Transition of brain networks from an interictal to a preictal state preceding a seizure revealed by scalp EEG network analysis

  • Fali Li
  • Yi Liang
  • Luyan Zhang
  • Chanlin Yi
  • Yuanyuan Liao
  • Yuanling Jiang
  • Yajing Si
  • Yangsong Zhang
  • Dezhong Yao
  • Liang YuEmail author
  • Peng XuEmail author
Research Article


Epilepsy is a neurological disorder in the brain that is characterized by unprovoked seizures. Epileptic seizures are attributed to abnormal synchronous neuronal activity in the brain. To detect the seizure as early as possible, the identification of specific electroencephalogram (EEG) dynamics is of great importance in investigating the transition of brain activity as the epileptic seizure approaches.
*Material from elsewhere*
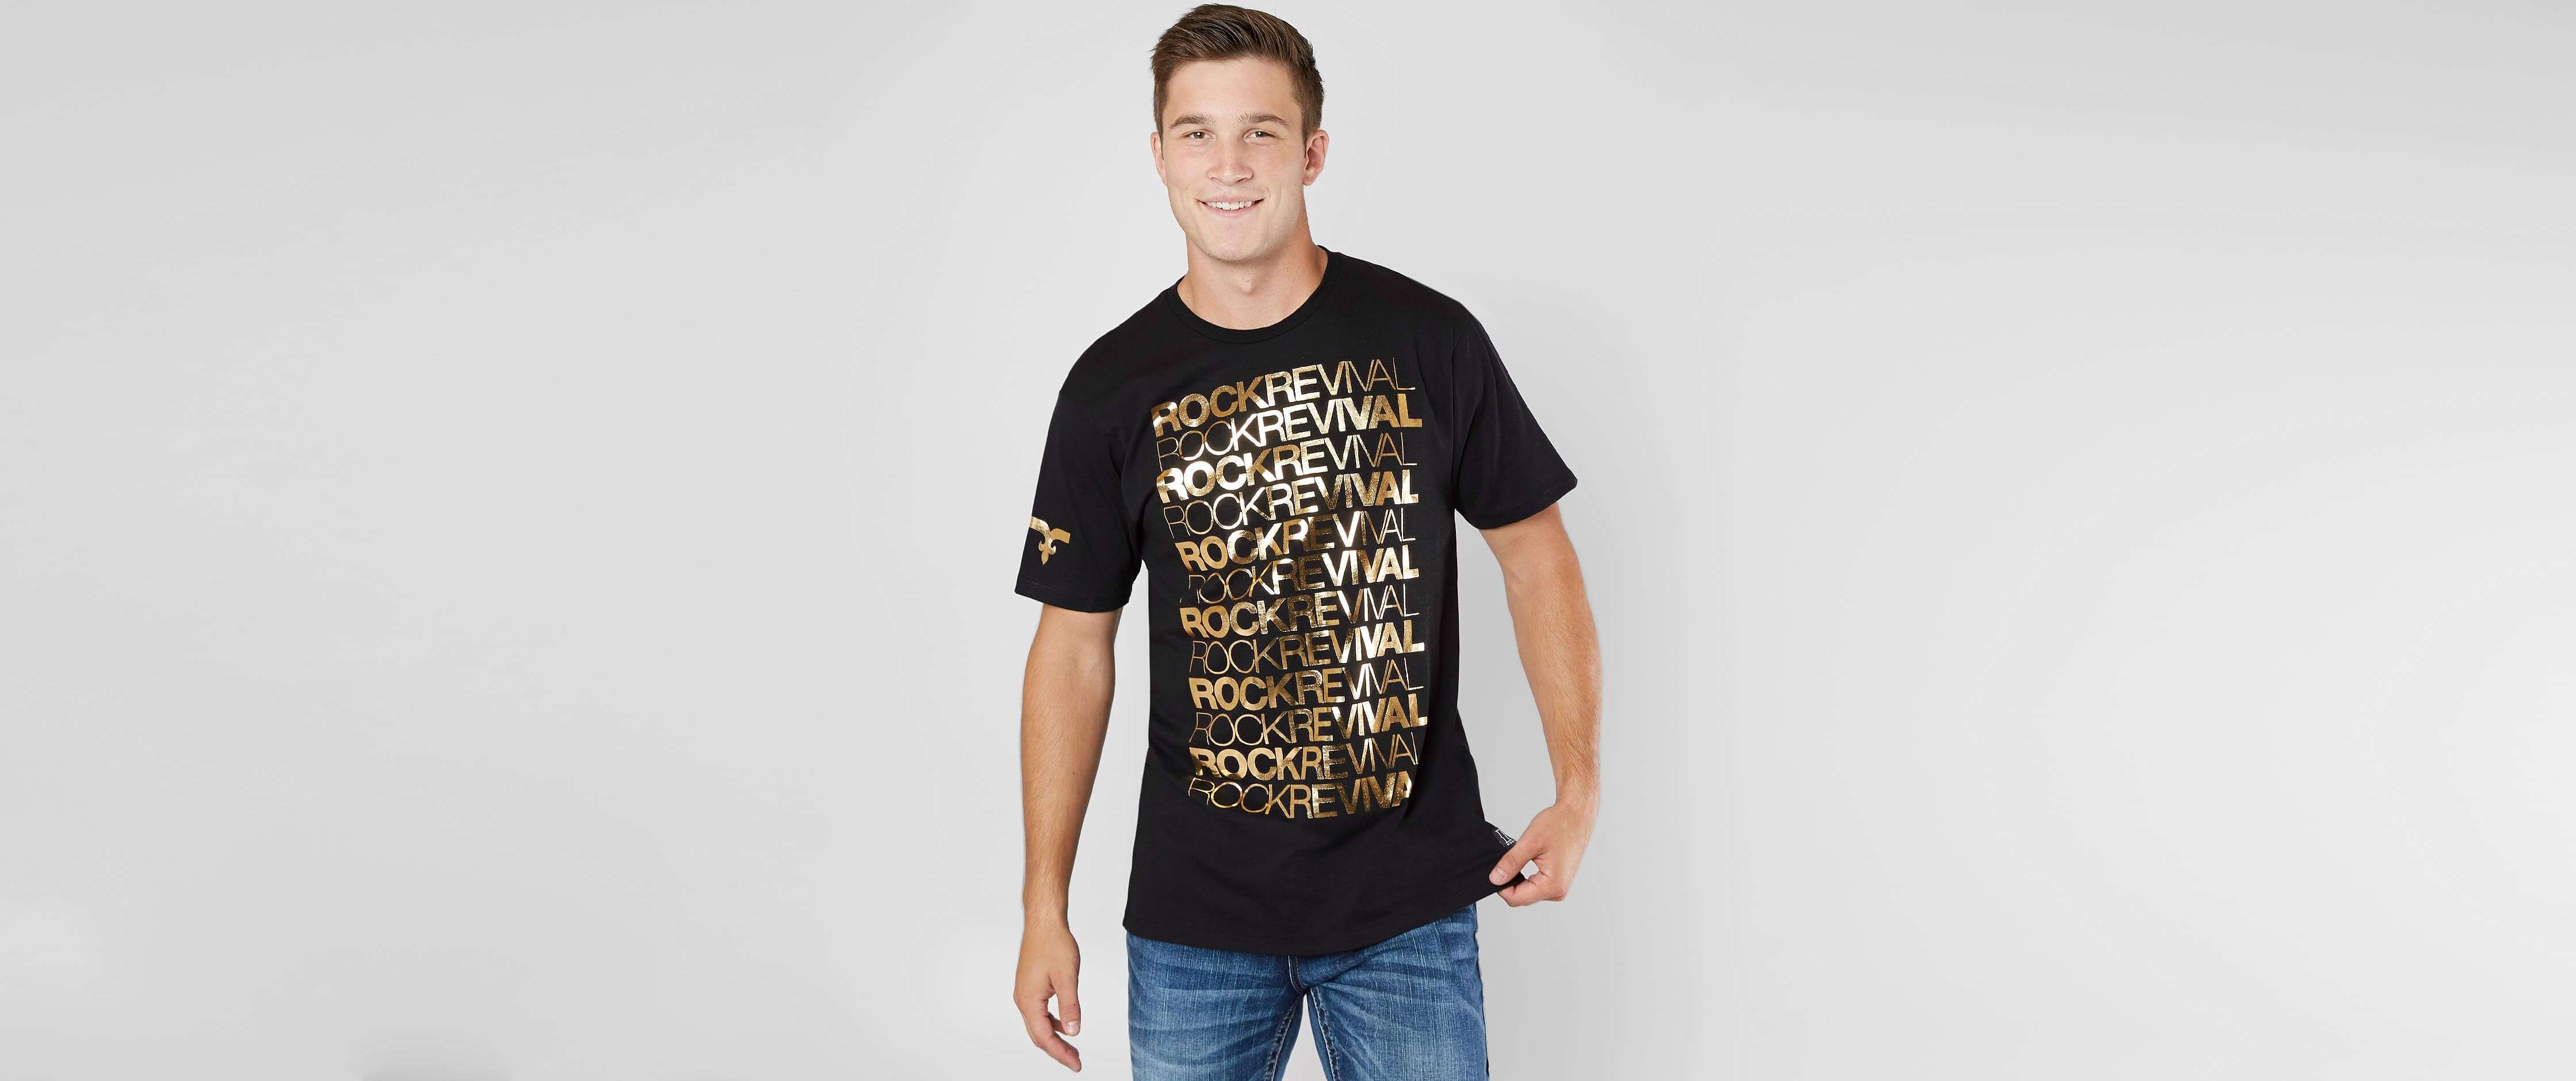 rock revival mens shirts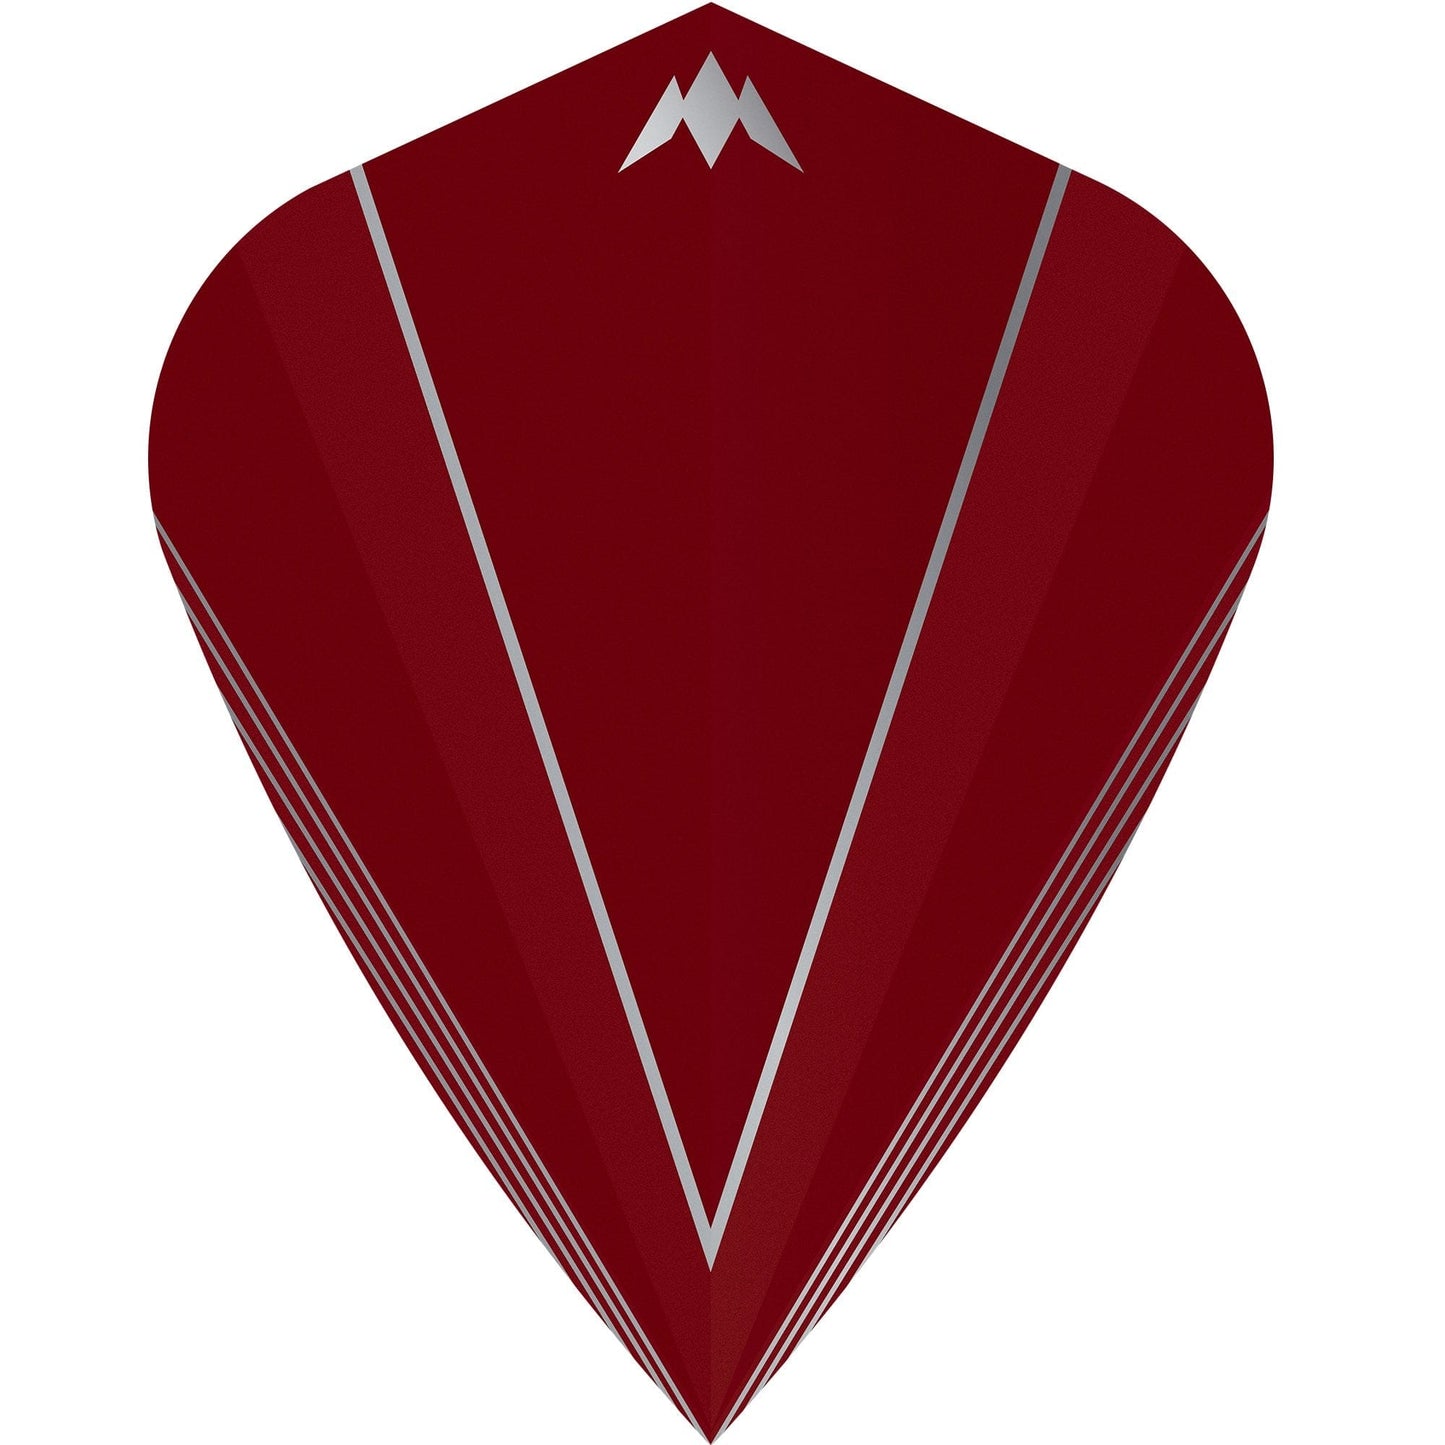 Mission Shades Dart Flights - 100 Micron - Kite Red

In this study, we investigated the transition of brain activity from interictal to preictal states preceding a seizure by combining EEG network and clustering analyses together in different frequency bands. The findings of this study demonstrated the best clustering performance of k-medoids in the beta band; in addition, compared to the interictal state, the preictal state experienced increased synchronization of EEG network connectivity, characterized by relatively higher network properties. These findings can provide helpful insight into the mechanism of epilepsy, which can also be used in the prediction of epileptic seizures and subsequent intervention.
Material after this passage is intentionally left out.